*What is being asked*: Everything from the line with "Pendulum 086Black: Kieninger" through the final line of the listing below must be retyped exactly, apart from the pictures.

*Data below*:

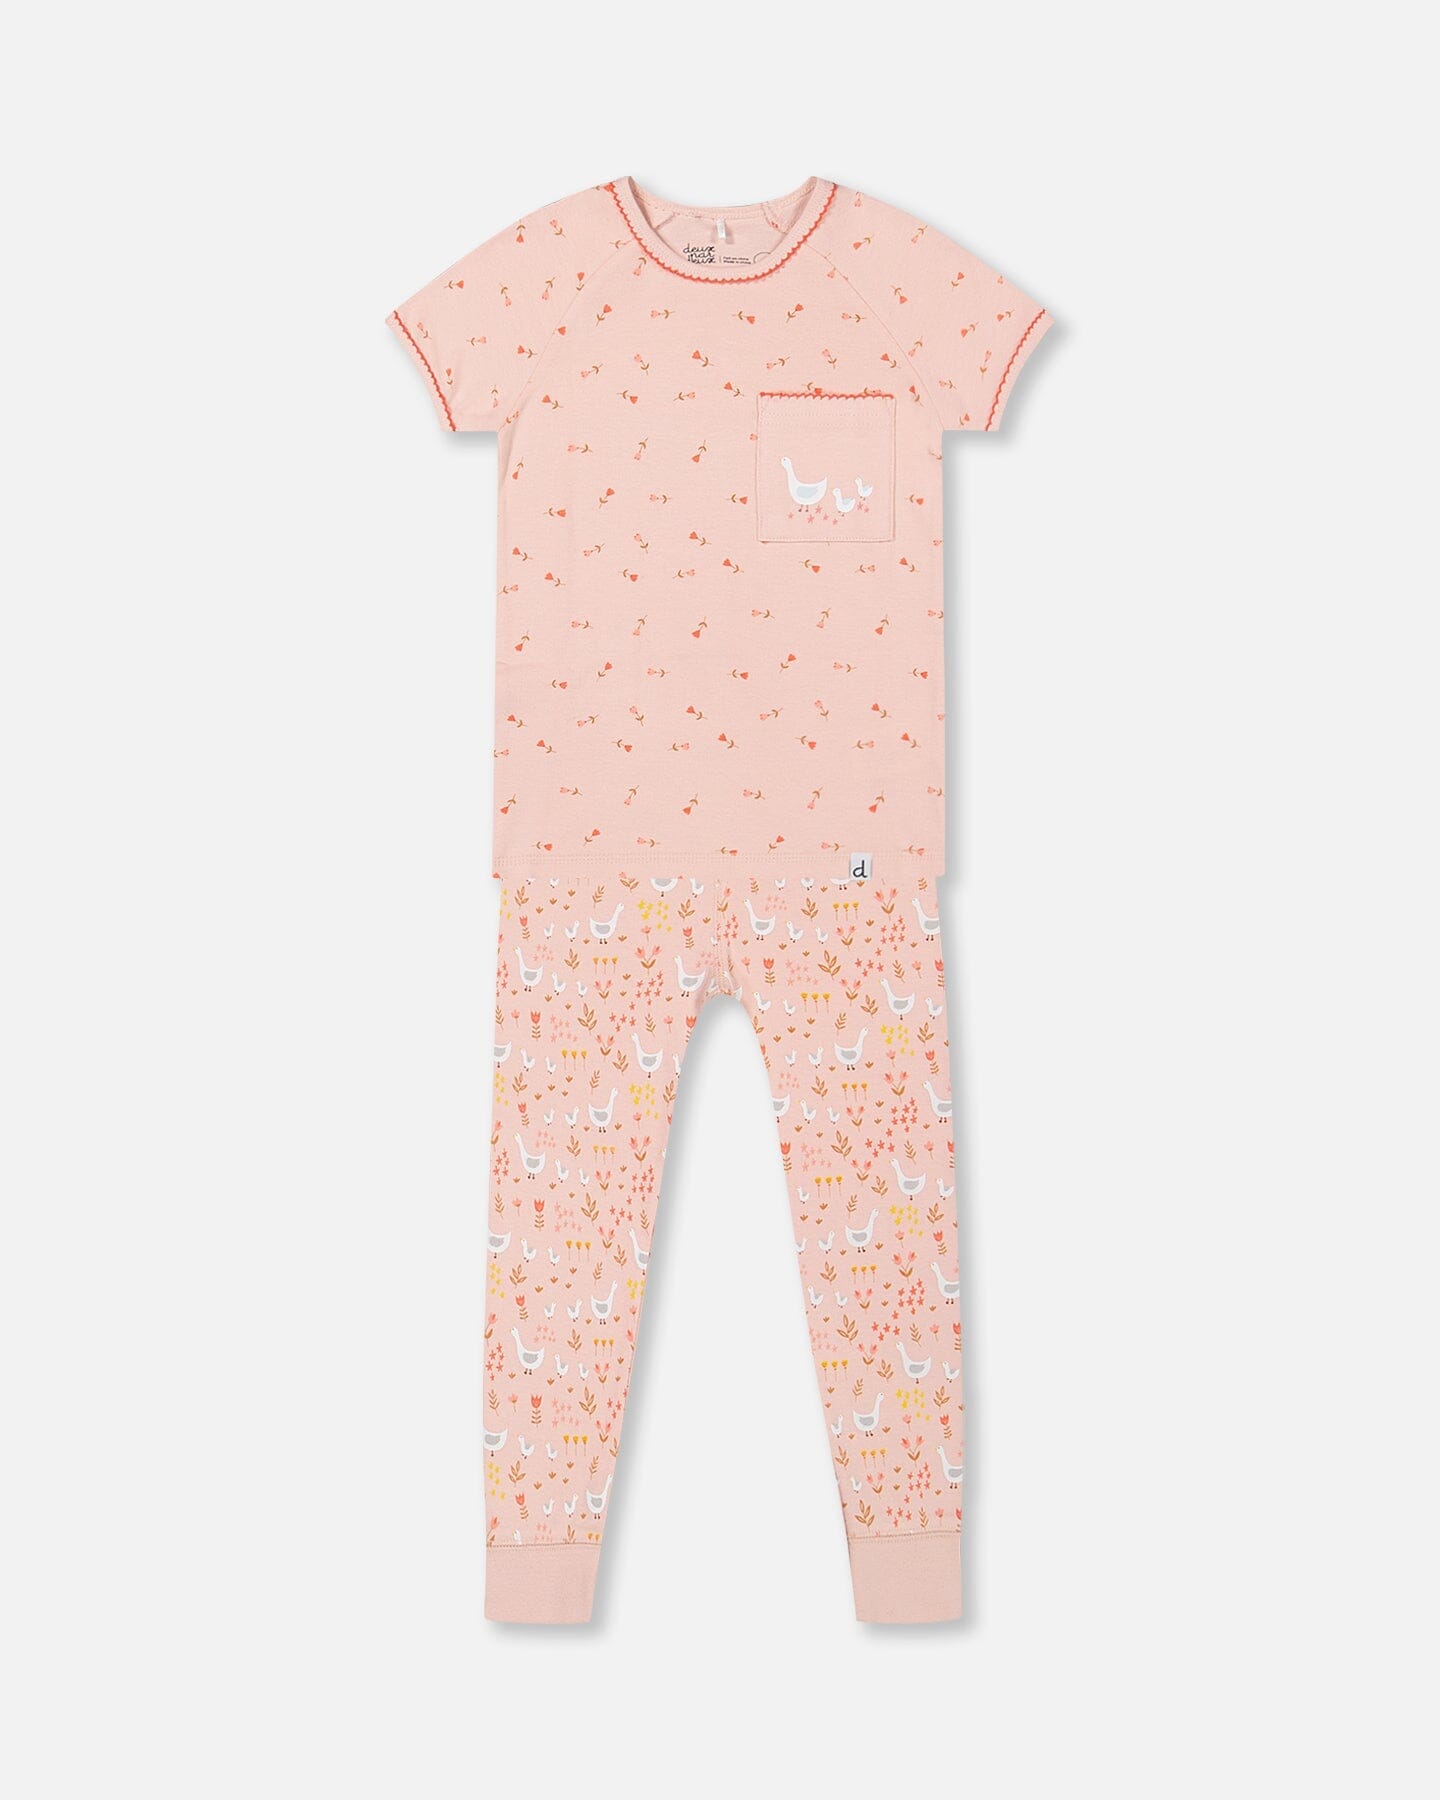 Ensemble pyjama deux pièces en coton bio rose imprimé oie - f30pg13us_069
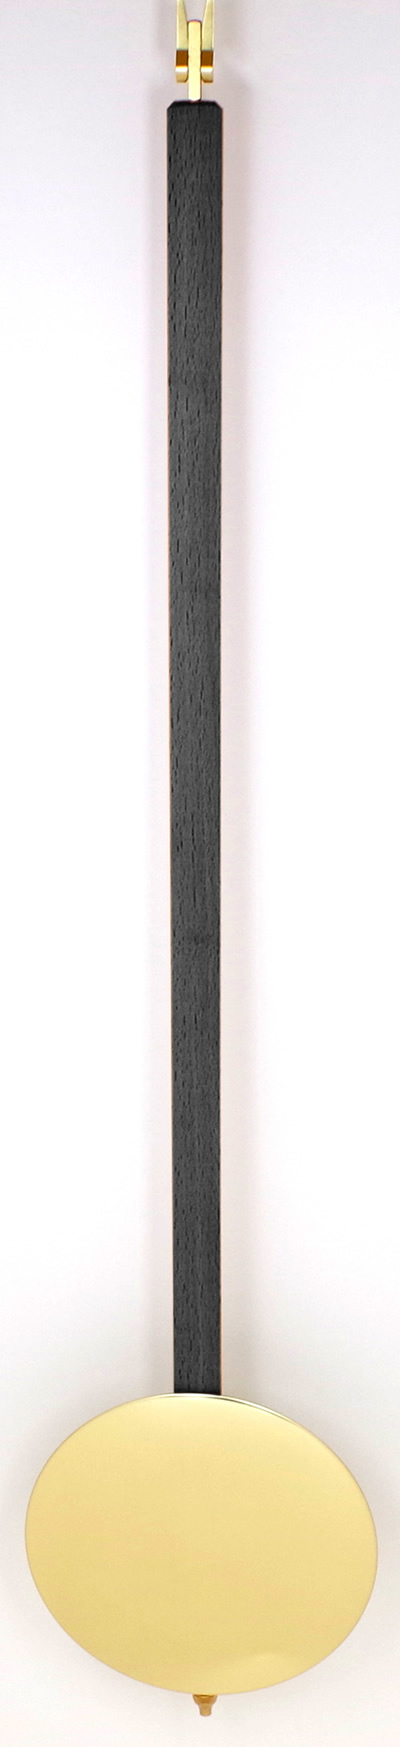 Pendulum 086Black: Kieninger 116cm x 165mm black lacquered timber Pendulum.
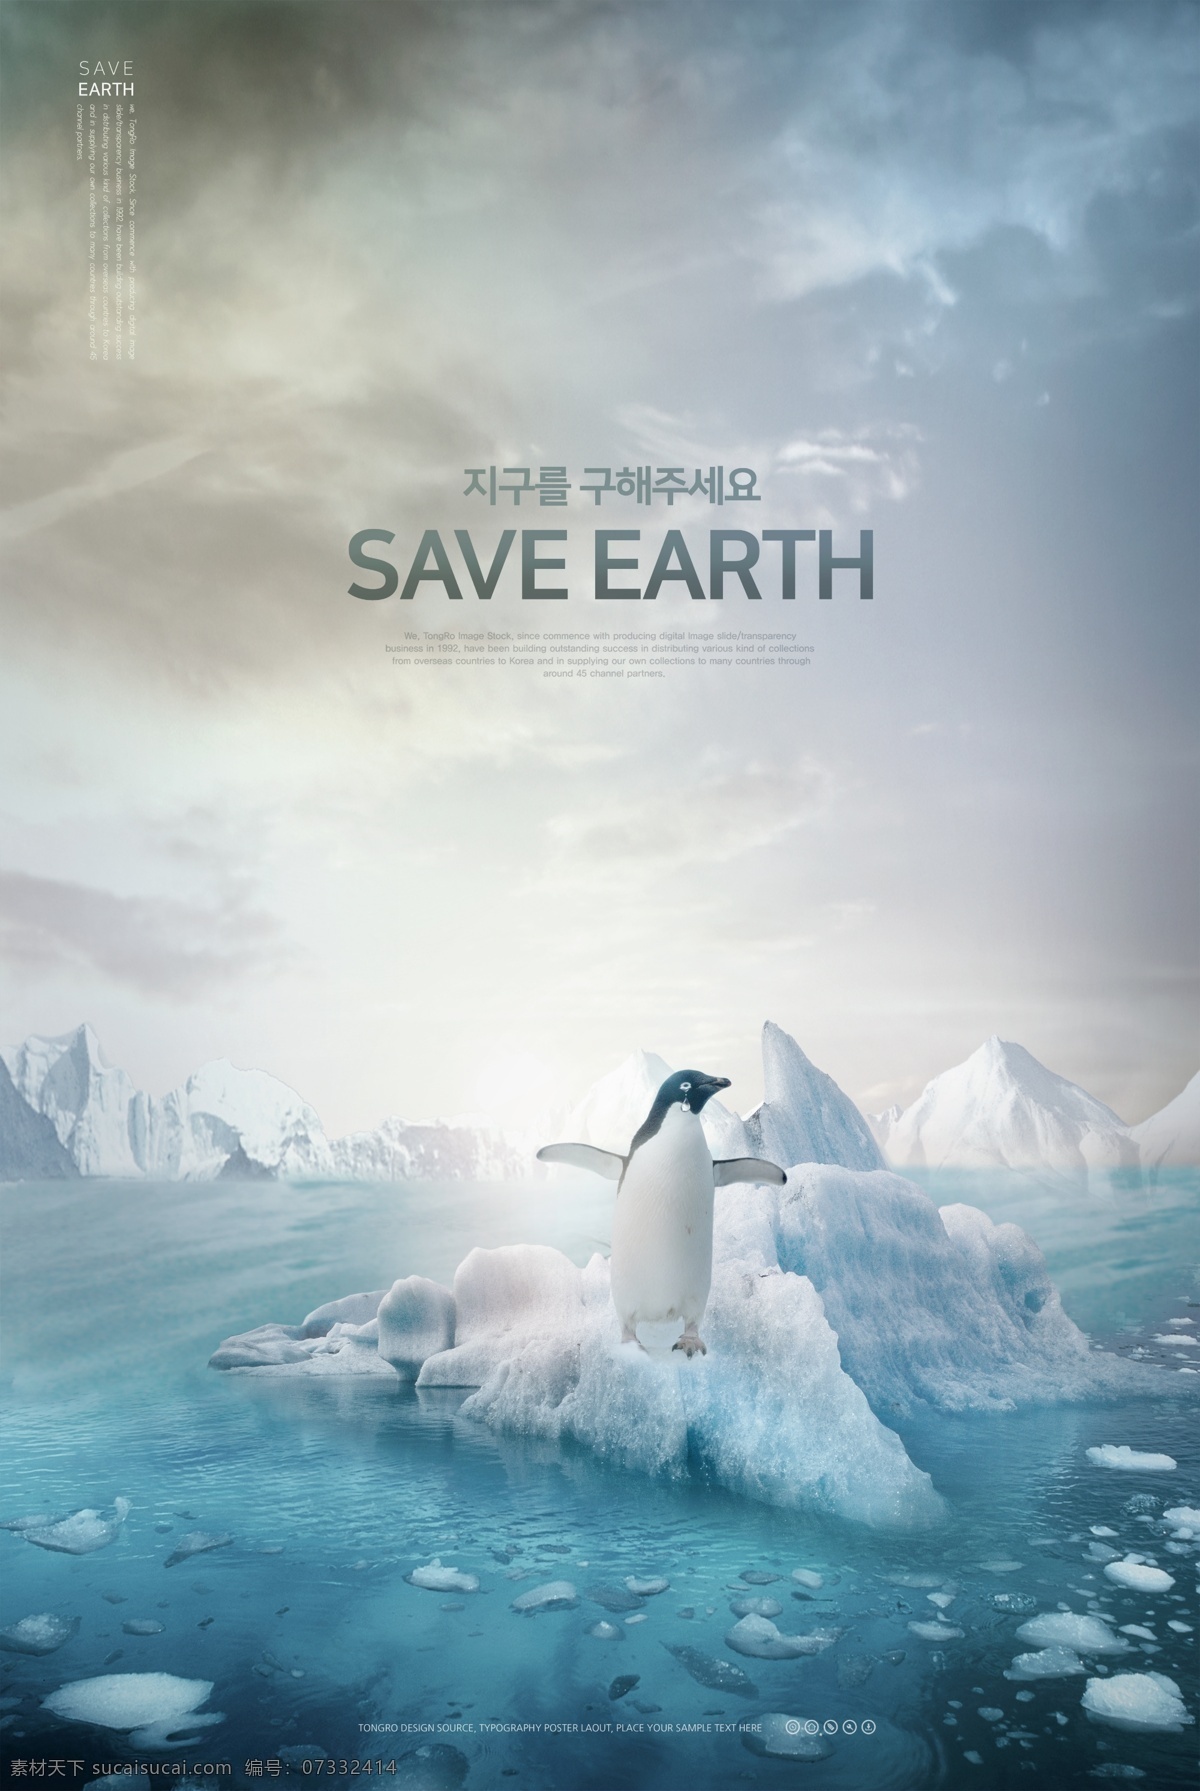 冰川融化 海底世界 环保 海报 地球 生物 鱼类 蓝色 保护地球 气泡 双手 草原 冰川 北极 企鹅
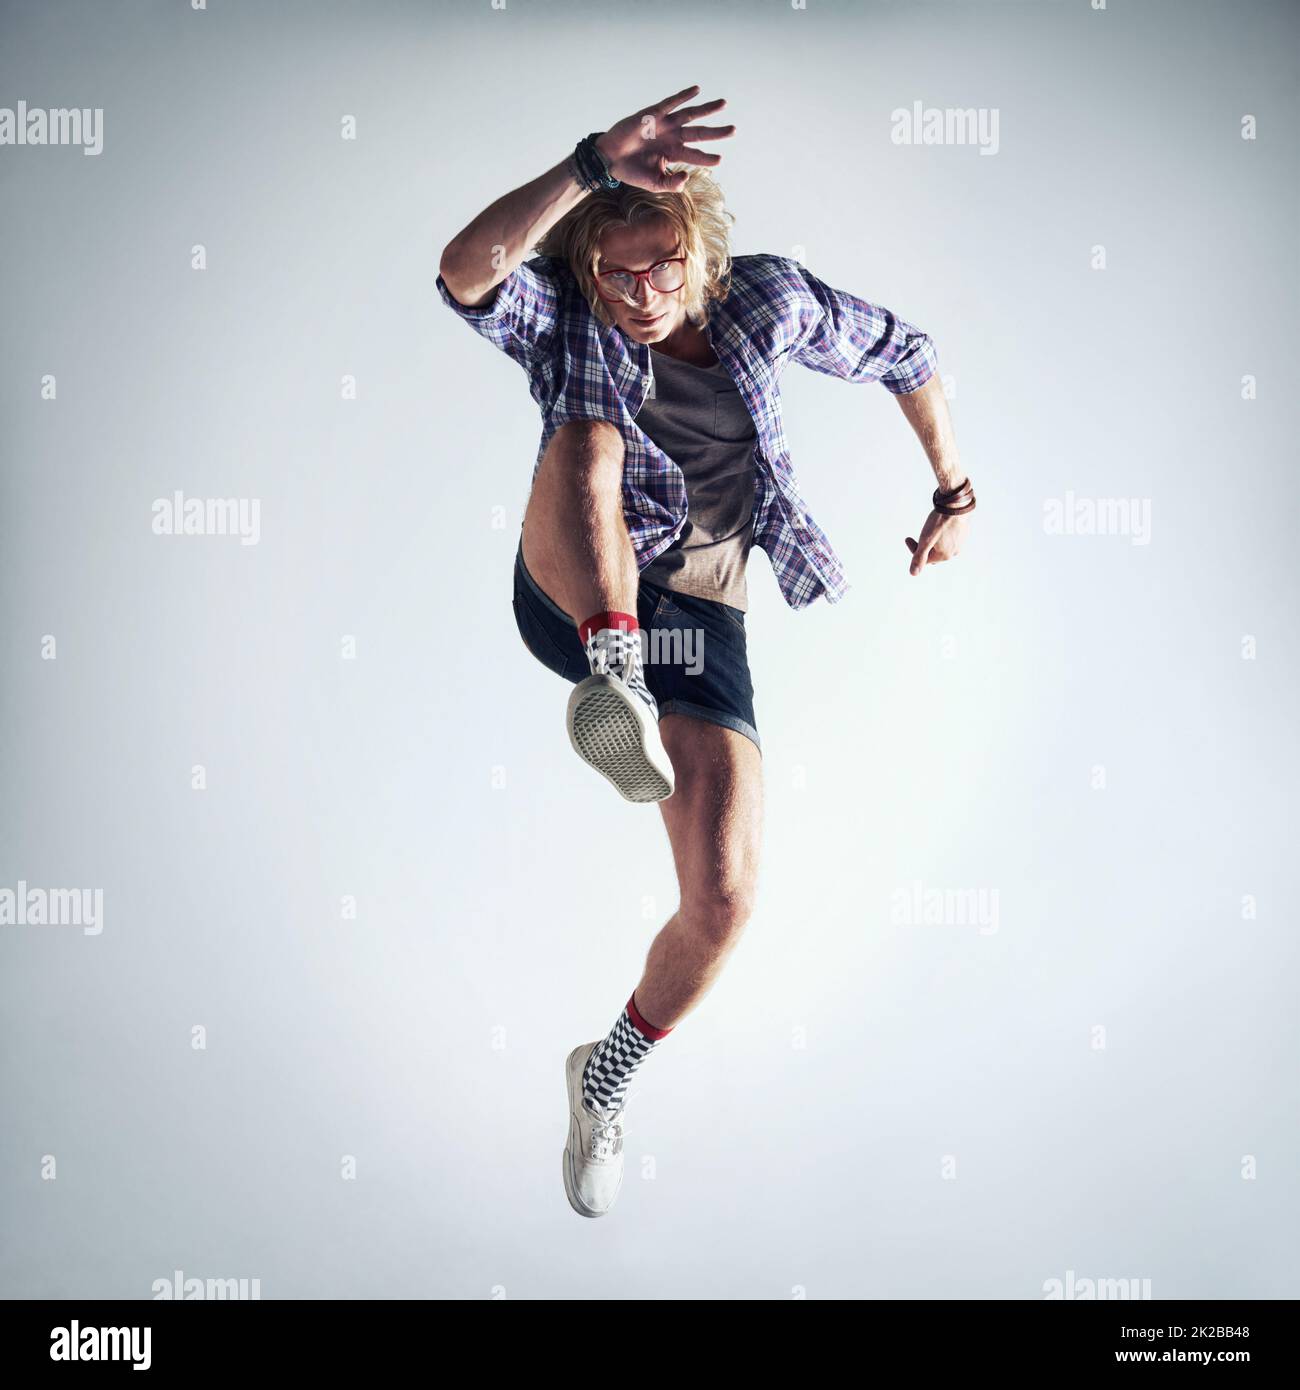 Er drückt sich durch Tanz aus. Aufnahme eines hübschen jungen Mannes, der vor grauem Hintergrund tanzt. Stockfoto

*Exercise response*:
 Pendulum 086Black: Kieninger 116cm x 165mm black lacquered timber Pendulum.
 冰川融化 海底世界 环保 海报 地球 生物 鱼类 蓝色 保护地球 气泡 双手 草原 冰川 北极 企鹅
 Er drückt sich durch Tanz aus. Aufnahme eines hübschen jungen Mannes, der vor grauem Hintergrund tanzt. Stockfoto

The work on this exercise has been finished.